I just can’t look into the future and face this any more.

If you’re affected by the issues raised in this article, help and support is available from Support 4 Doctors. If you’re based in the UK, the Samaritans can be contacted on 116 123.

7 thoughts on “‘I’m sorry, I can’t face being a doctor any more’

  1. Cowboyiam

    National Health Care. Britain is a sample of things to come for USA. Bravely out of character for PW to publish (of course you think its just a money issue).

    When my dad was a kid in the thirty’s and forty’s and you needed a doctor you went and paid the bill yourself. Doctors were affordable because they were doing what they loved doing and they did not have to jump through ten thousand hoops to do what they were naturally gifted to do. Same can be said of teachers. Excess government involvement always fucks everything up.

    My apologies to those who believe otherwise. This is my opinion.

    1. Amy Elliott

      This is not the 30s or 40s. This is 2015, and until recently (so I understand) you had people actually dying from preventable diseases because they couldn’t afford the insurance. If the US is likely to get a public health service modelled on what ours once was, then I’m sincerely happy for everyone who might formerly have been denied essential treatment.

      Meanwhile the UK government is slowly creating a non-welfare, or rather workfare, state in the image of yours. This has already caused thousands of deaths, mainly disabled people who were mistakenly told they were fit for work.

      IMO it’s no good looking back to some halcyon era (if such there ever was) while human beings – living in the most advanced and wealthy nations that have ever existed – are losing their lives needlessly, just because they happen to be poor. Capitalism only gives you freedom if you can pay for it.

  2. Cowboyiam

    I knew I would get blowback but honestly what I get from this article is someone who is doing what the system requires and is being completely destroyed in the process. Her gift for helping people is completely repressed by the system.

    Just like in public schools today being a gifted teacher is not honored because gifted teachers know how to teach and often that irritates top down managers who are beholden to their higher ups to enforce directive’s and who could care less about teacher student relationships. There was one truly gifted teacher in my high school experience who changed my life and she quite just a few years after I had moved on because she just wasn’t allowed to do her job anymore.

    Some other less gifted – but better at following orders – took her place. That is what we witness today in medicine. If you aren’t gifted at following the directives of the top down geniuses (who know everything) then you probably hate your job. And hey – hating your job is one of the main requirements for any system advantage.

    Good doctors, good teachers, good police officers are all becoming extinct. But hey we still have a few to kill off before we are through.
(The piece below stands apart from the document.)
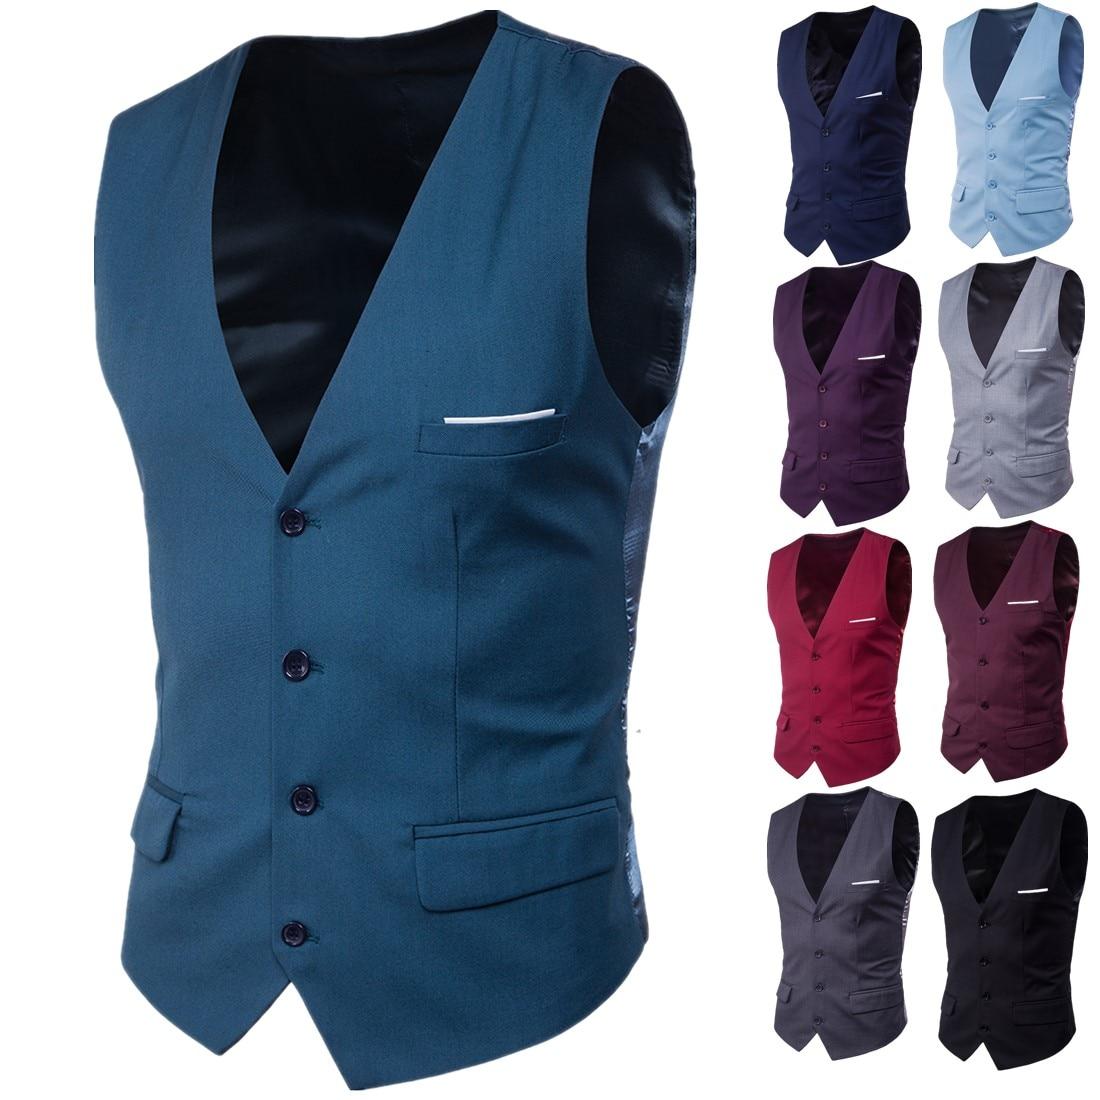 2019 New Arrival Dress Vests For Men Slim Fit Mens Suit Vest Male Waistcoat Homme Smart Casual Sleeveless Formal Business Jacket

Just need a little more money thrown at it.

  3. LizzyLizzy

    Yes. Such a moving video, and heart-breaking piece. While it’s true that excess government involvement fucks everything up, as Cowboyiam says, in a civilised world, everyone should have access to proper health care and education, not just the privileged. For the many of us who have grown up in relatively privileged circumstances, it’s hard to imagine what it’s like to grow up in extreme poverty, or having to flee our beloved families and homelands in search of a better life. As Jude so beautifully says, “With any luck, we’ll eventually figure out that taking care of one another will only make us all stronger.”